_What the task asks:_ Below are entries with pictures among them; reproduce exactly, and only, the lines from the one containing "Men's Red Summer" down to the one containing "All Weather Kit", without the pictures.

_Extracted records:_
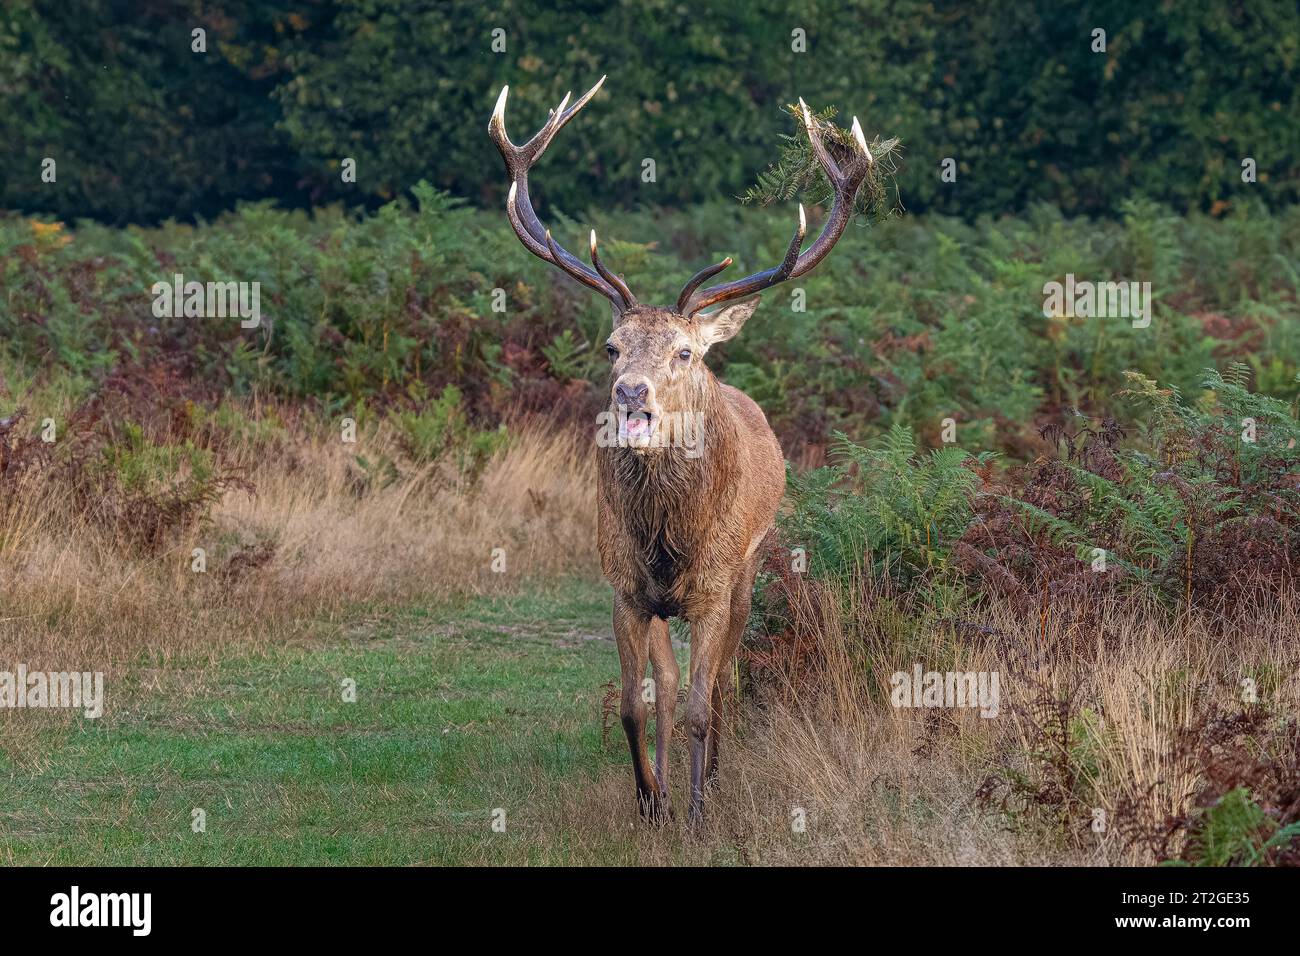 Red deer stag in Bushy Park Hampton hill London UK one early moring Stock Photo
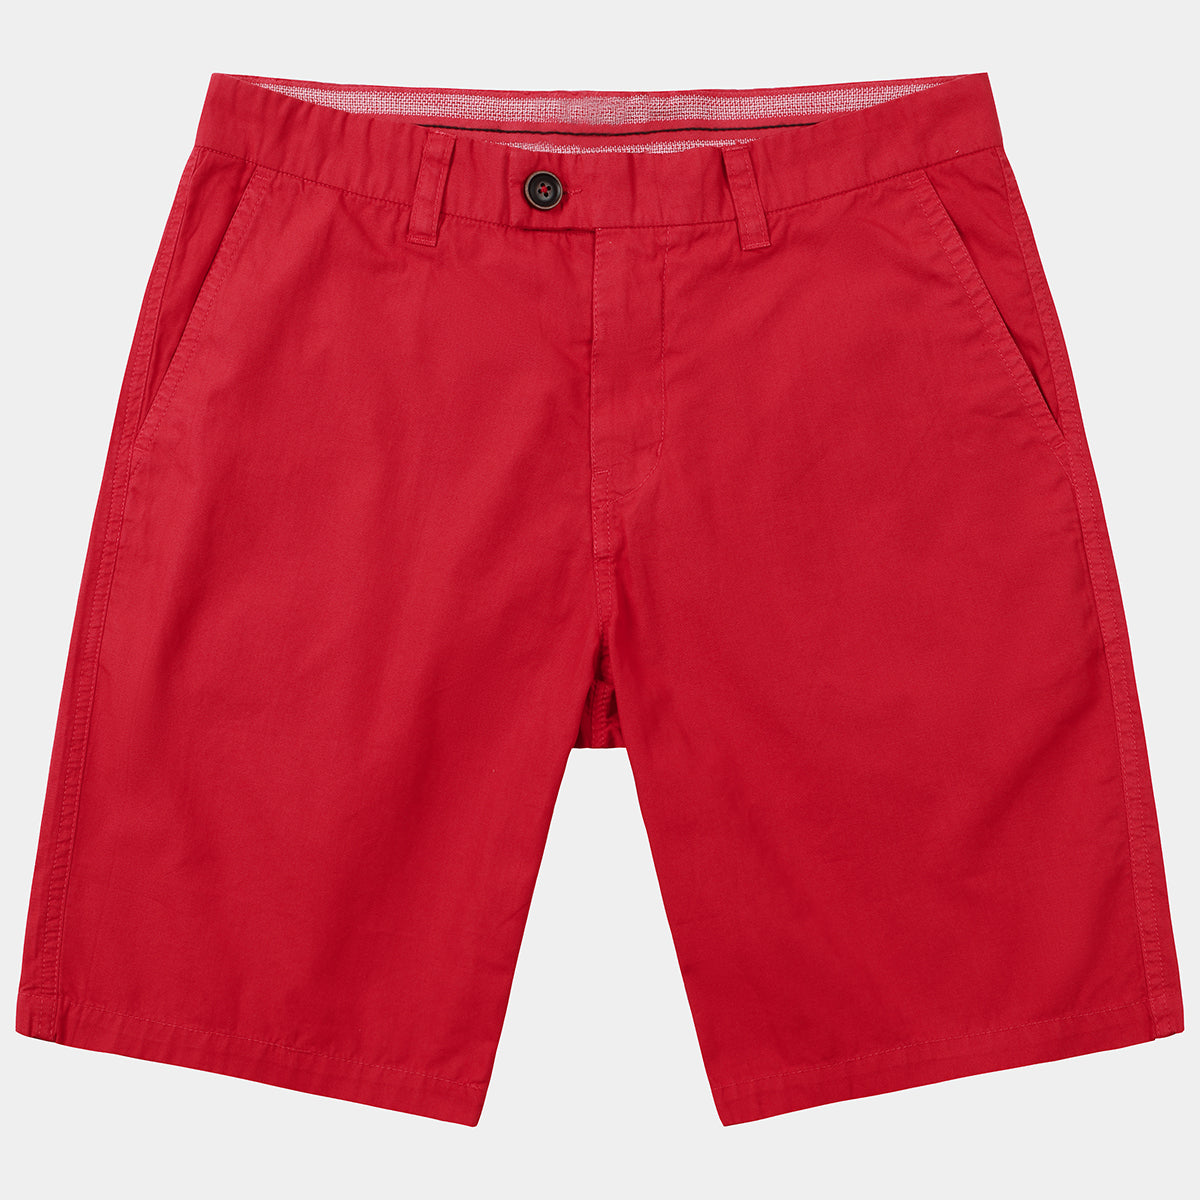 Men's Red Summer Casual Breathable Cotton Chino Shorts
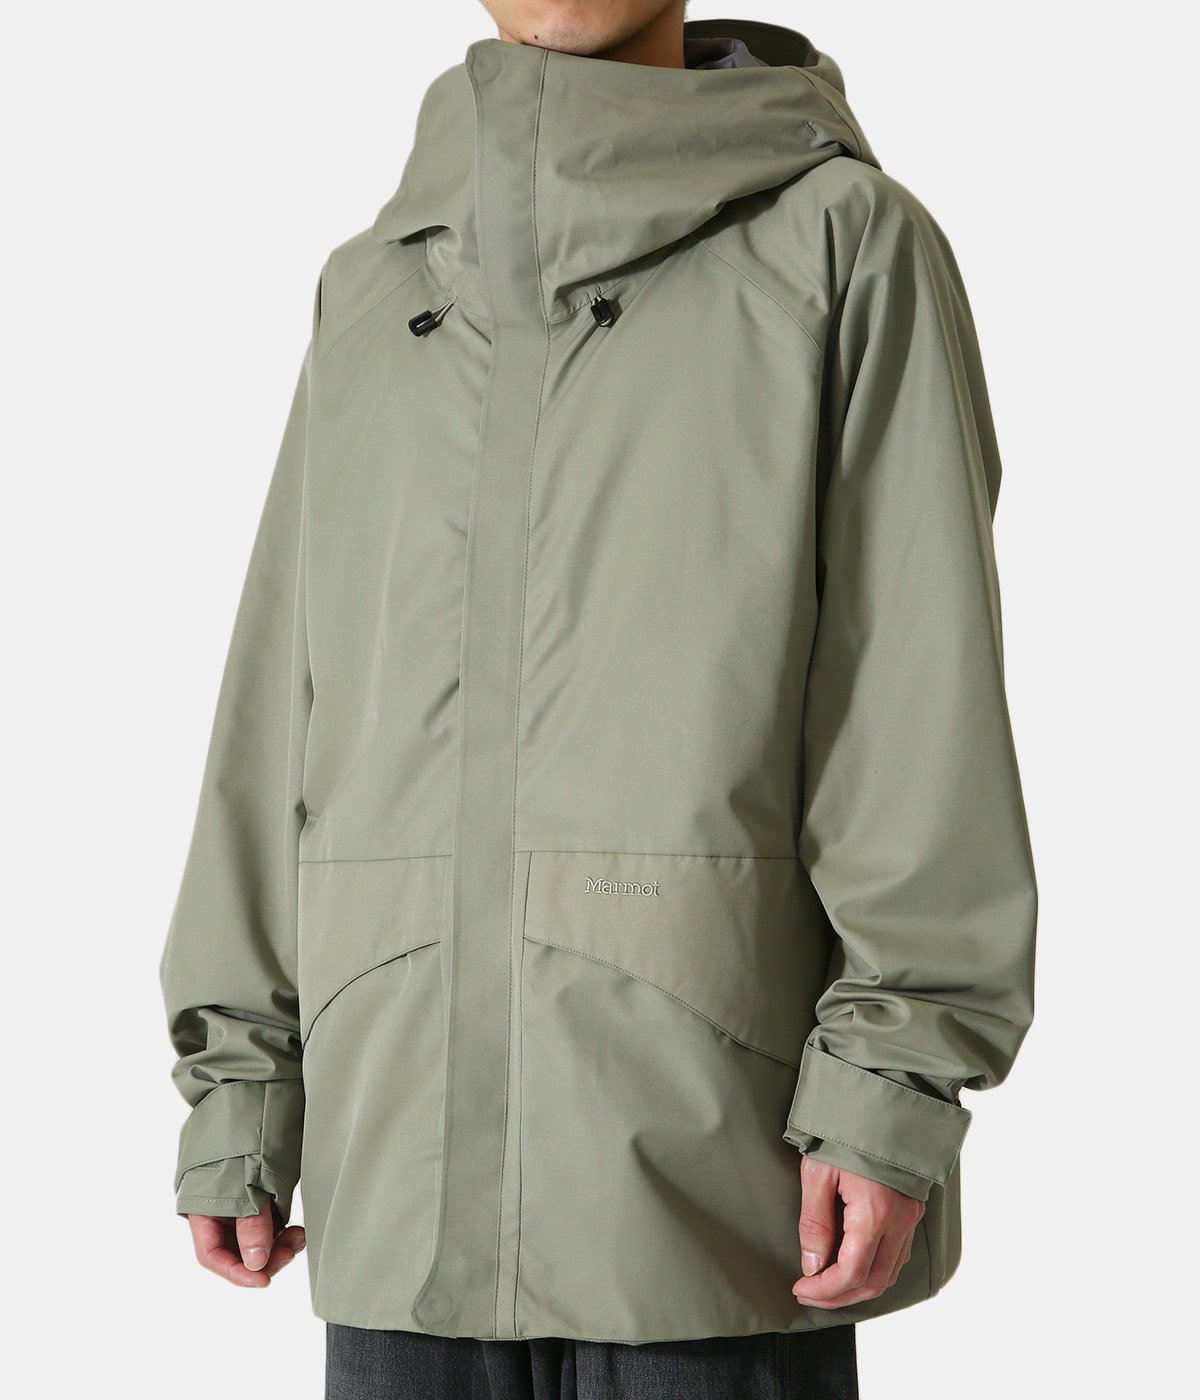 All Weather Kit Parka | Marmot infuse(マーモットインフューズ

==

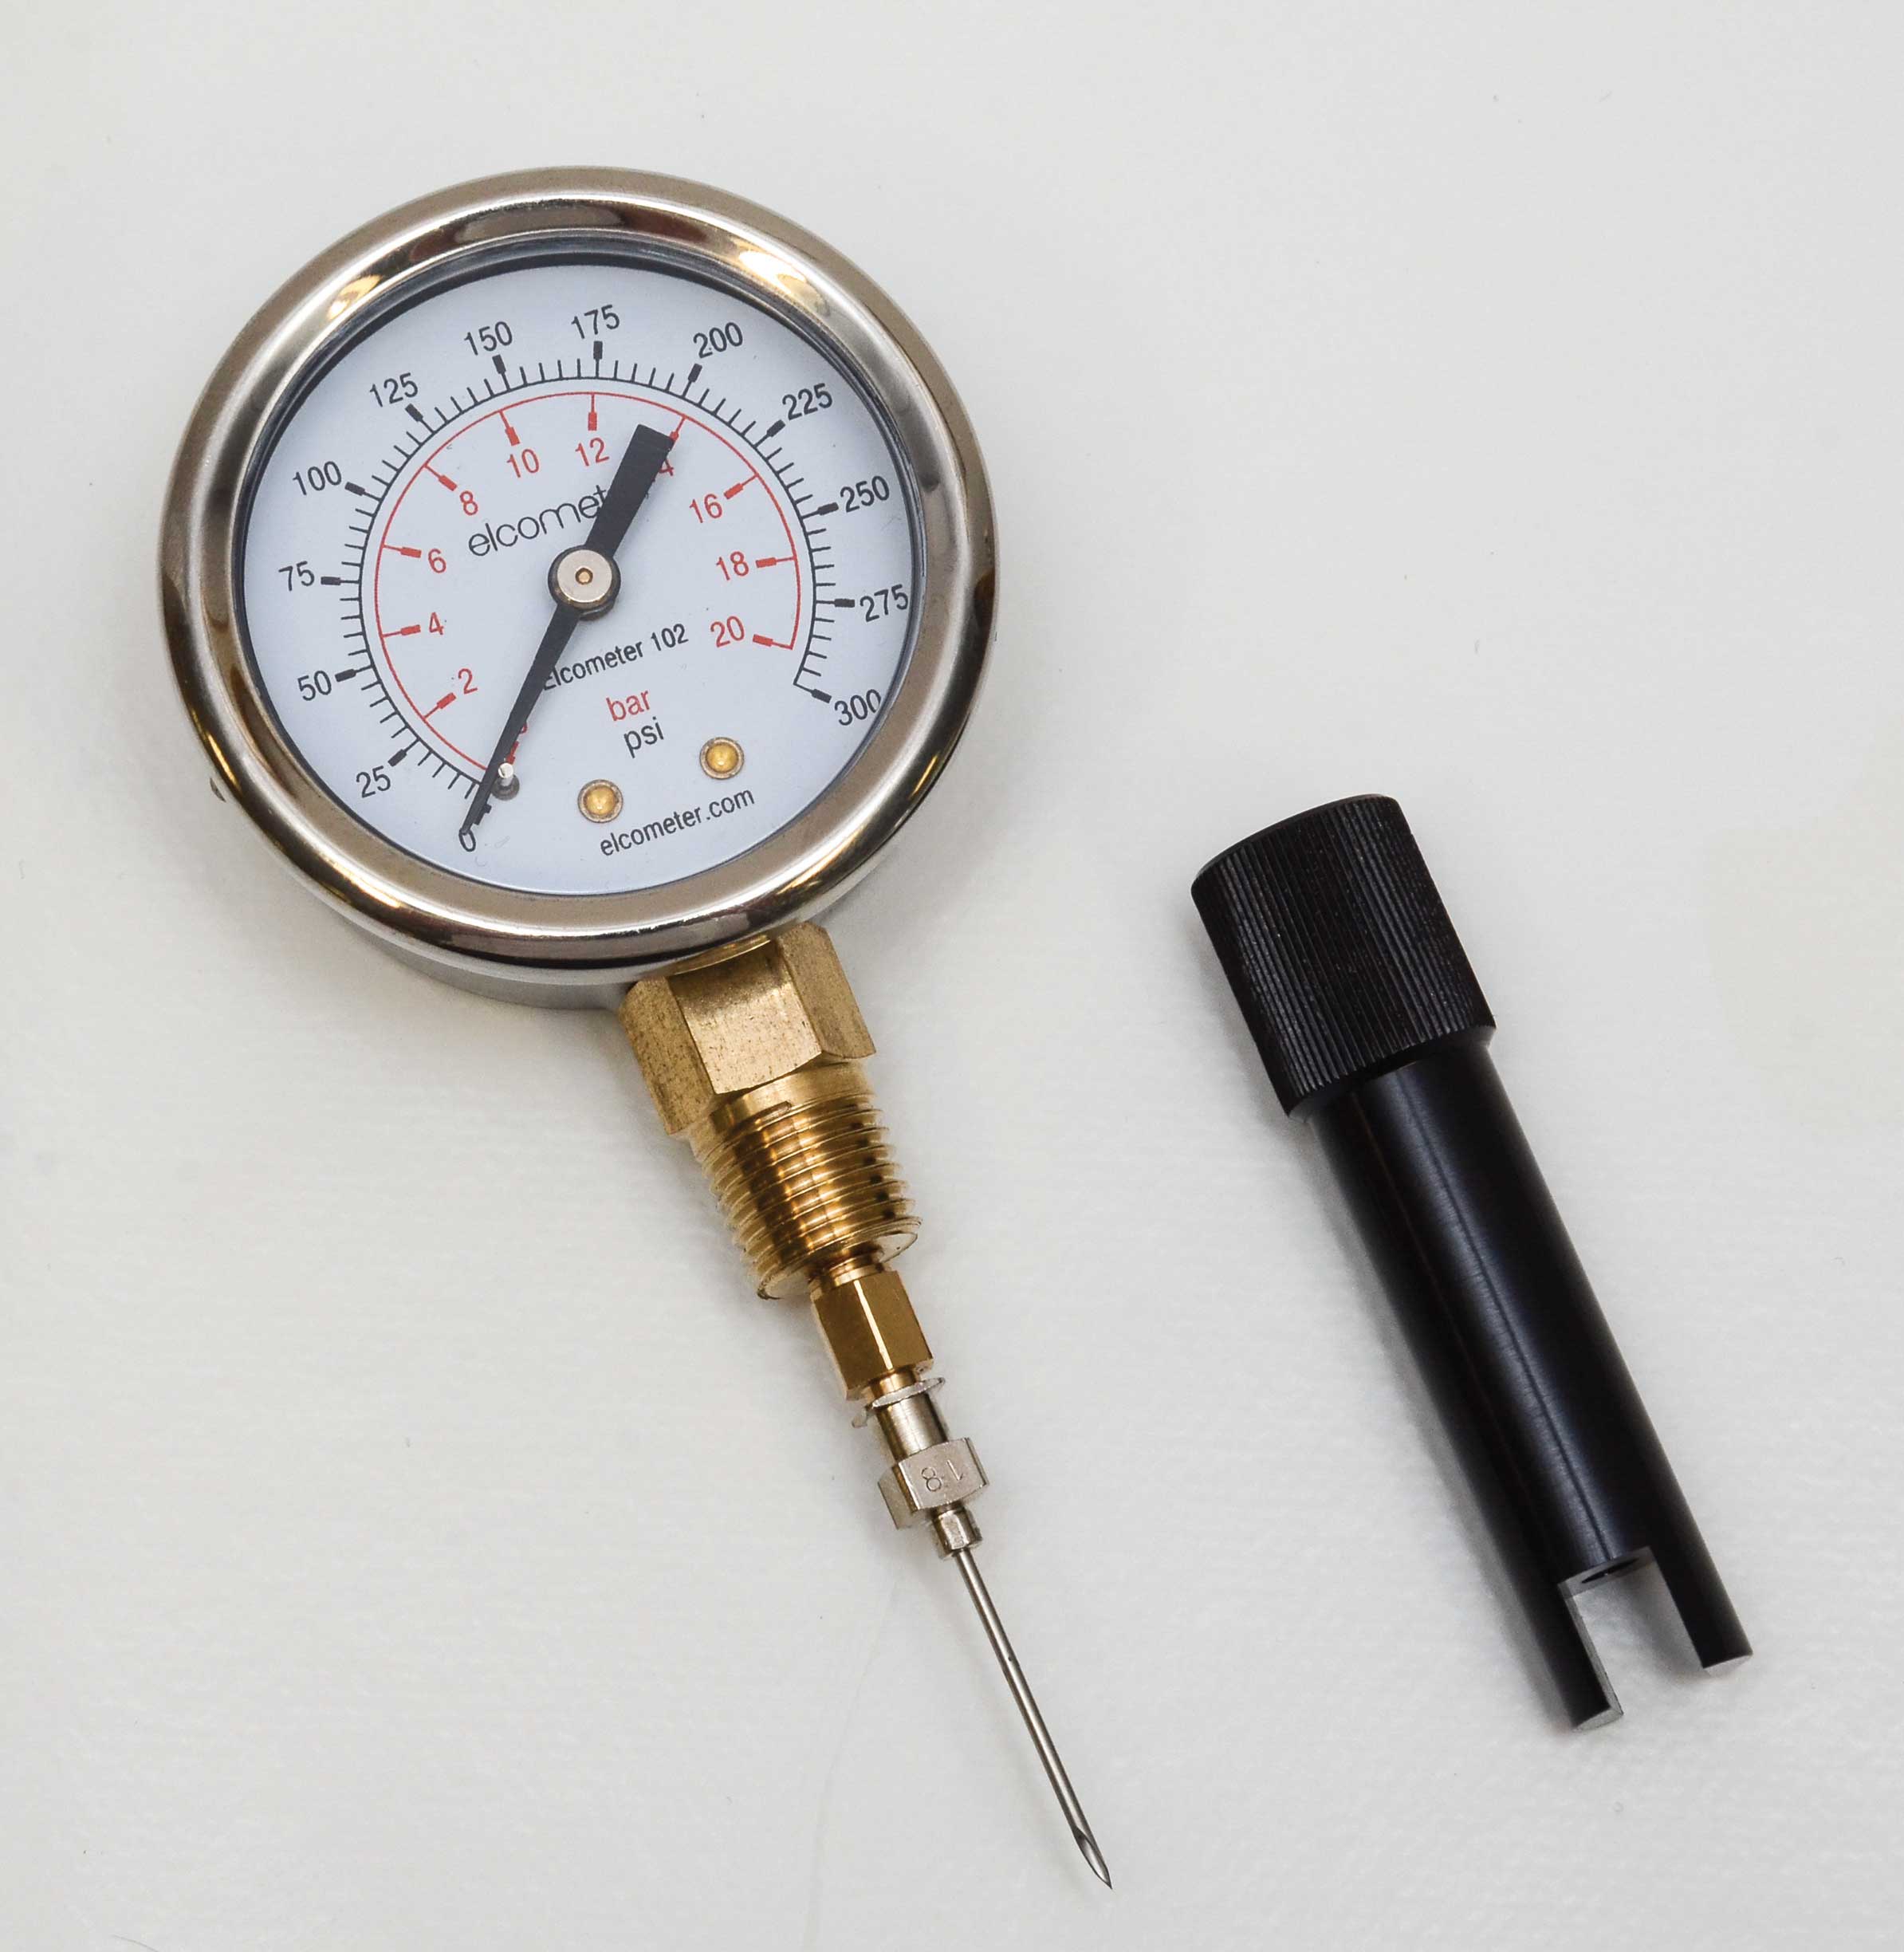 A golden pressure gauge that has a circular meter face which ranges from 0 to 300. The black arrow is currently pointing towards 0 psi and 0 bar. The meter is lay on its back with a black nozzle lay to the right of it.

==

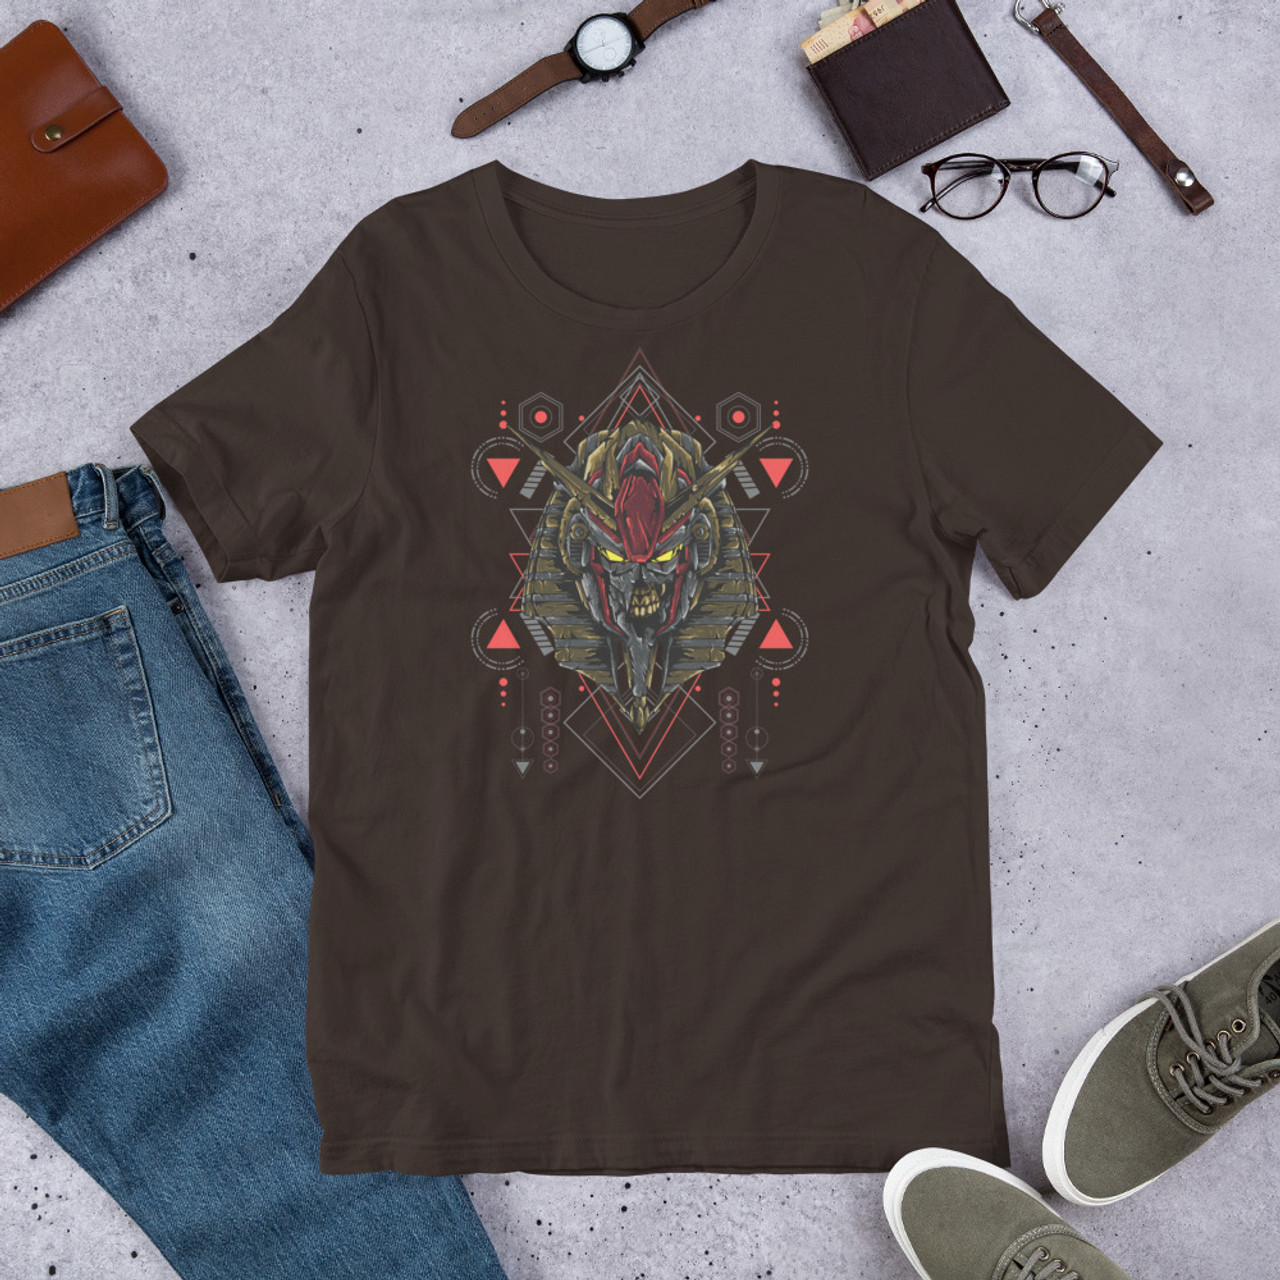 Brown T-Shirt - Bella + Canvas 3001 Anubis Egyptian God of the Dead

_Answer for this exercise:_
 Men's Red Summer Casual Breathable Cotton Chino Shorts
 All Weather Kit Parka | Marmot infuse(マーモットインフューズ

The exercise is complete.